Сказав это, он спросил себя: а как же принципы? И тут же отмел, как нечто до предела наивное — какие принципы! Быть с местными жителями предельно корректным, брать добром, хитростью, тонко ко всему подходить, как много раз советовал отец, чтобы привлечь на свою сторону легковерных горцев. Вздор! Не такие уж они легковерные. Хитрющий народец эти горцы, свою выгоду хотят иметь во всем. Как ни ухищряйся, ни подстраивайся и ни держи с ними ухо востро — на свою сторону их не перетянуть, пожалуй. Конрад разочаровывался, разубеждался, поскольку жизнь вносила свои существенные коррективы, и благие предсказания отца его и личные предположения подчас ничего общего не имели с действительностью.

— Никуда я не поеду. И сына вам не отдам.

Уже когда шла в комендатуру, Надя почувствовала, что это не просто вызов, не формальности какой-то ради ее вызывают, а нависла над нею непоправимая беда. Все эти дни она ждала, была уверена, что Конрад Эбнер позовет, потребует платы за ее освобождение. Какими жадными глазами он рассматривал ее тогда…

— Неужто Азамат Рамазанович пожаловался, сказал, что ты не желаешь работать в школе? Вот и вызывает, — высказала версию Маргарита Филипповна, хотя и сама в это не верила. — Да нет же, — поправила она тут же себя. — Чего же ему под удар тебя ставить.

Ошиблись обе: беда оказалась пострашней.

И она чувствовала свою вину: если бы отправилась с ребенком во Владикавказ хотя бы на сутки раньше, все было бы по-другому. Но разве могла она предполагать, что фашисты прорвутся в Терек так стремительно и внезапно и не будет возможности выехать из города?! Варвары! К ребенку какой может быть предъявлен счет?!

Наде Конрад Эбнер дал несколько дней, чтобы она собрала в дорогу малыша и прошла с ним медосмотр.

В школу она не пошла, дождалась Маргариту Филипповну у нее дома.

— Сына я им не отдам, — твердила обезумевшая от горя Надя. — Только через мой труп.

— Этим, детка, ничего им не докажешь.

— Дети-то в чем виноваты? Какая мать этих палачей родила?!

— Гитлеровская самка.

— Нужно бежать. Я должна спасти Алексея любой ценой. Неужели нет выхода?

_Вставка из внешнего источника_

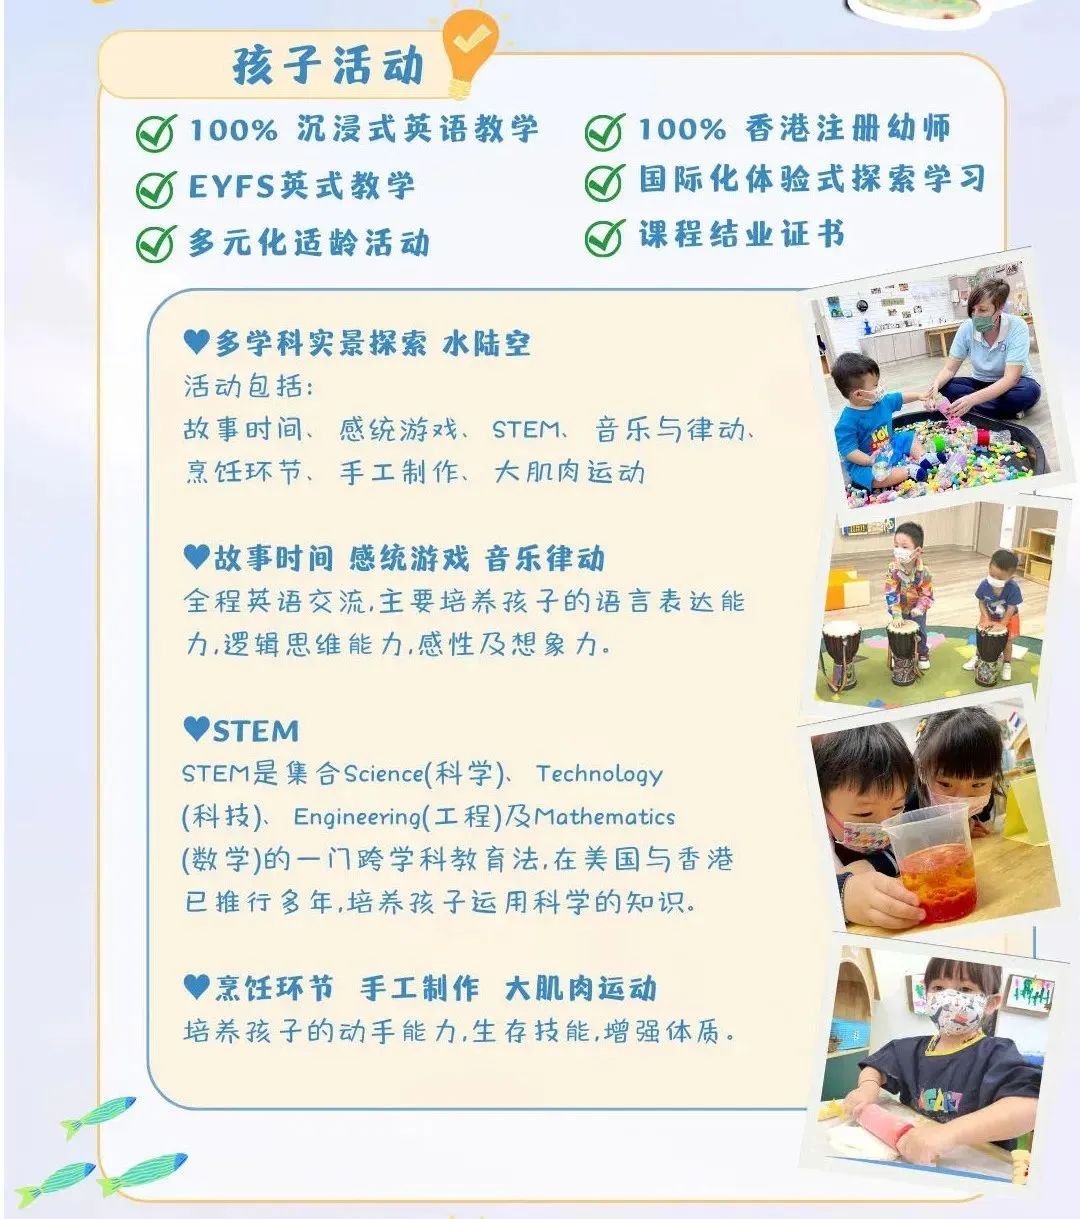 香港3-7岁英语STEM夏令营 - 海洋的探索｜访名校 拓眼界 增见闻

— Успокойся, Надюша. Возьми себя в руки. — Маргарита Филипповна опустила ей на плечо теплую руку. — Нужно все обдумать и найти выход…

Азамат долго ждал в своем директорском кабинете, все надеялся, что Надя вернется из комендатуры и поспешит к нему за помощью. Но надвинулись исподволь короткие осенние сумерки, и в настороженной тиши школы остался он один. «А что, если Надя обойдется без моей помощи? — обожгла его тревожная мысль. — Маргарита Филипповна переправит ее с ребенком в надежное место, и вся затея лопнет, как мыльный пузырь».

Он рванулся к двери, как подстегнутый плеткой конь, и вылетел на потемневшую улицу. Он шел торопливо, нервно, никого и ничего перед собой не видя, в жилище завхоза.

Дверь была заперта. Азамат постучал.

— Кто там? — раздался испуганный голос Нади.

— Это я, Азамат, — ответил он; тревожно стучало сердце.

Дверь отворилась. Надя порывисто бросилась навстречу и уткнулась лицом ему в грудь.

Он остолбенел, приподнял было руки над ее вздрагивающей спиной, но не решился обнять ее, прижать к груди.

«Вот оно, свершилось наконец!» — пьянили его сладкие мечты.

— Азамат, ты говорил о своем дядьке… Он сможет…

— Нет! Я сам! Все, все для тебя сделаю… — Дыхание Азамату перехватило, точно что-то застряло в горле, он пытался еще что-то вымолвить, однако не смог — потерял голос.

В отчаянии, что не сможет произнести самых важных слов, он обнял ее, прижал к себе дрожащими руками и впился горячими губами в ее губы.

Глава шестая

Пенящаяся вода горной реки у Зеркального водопада потеряла свою прозрачность, окропившись кровью убитых немцев, намеревающихся пройти бродом. Штурмовали колонну с разных сторон двумя стрелковыми батальонами. Рота Тариэла Хачури, рассредоточенная в районе Волчьей теснины, небольшой отрезок которой горцы называли «Пронеси, господи», выставила прочный заслон.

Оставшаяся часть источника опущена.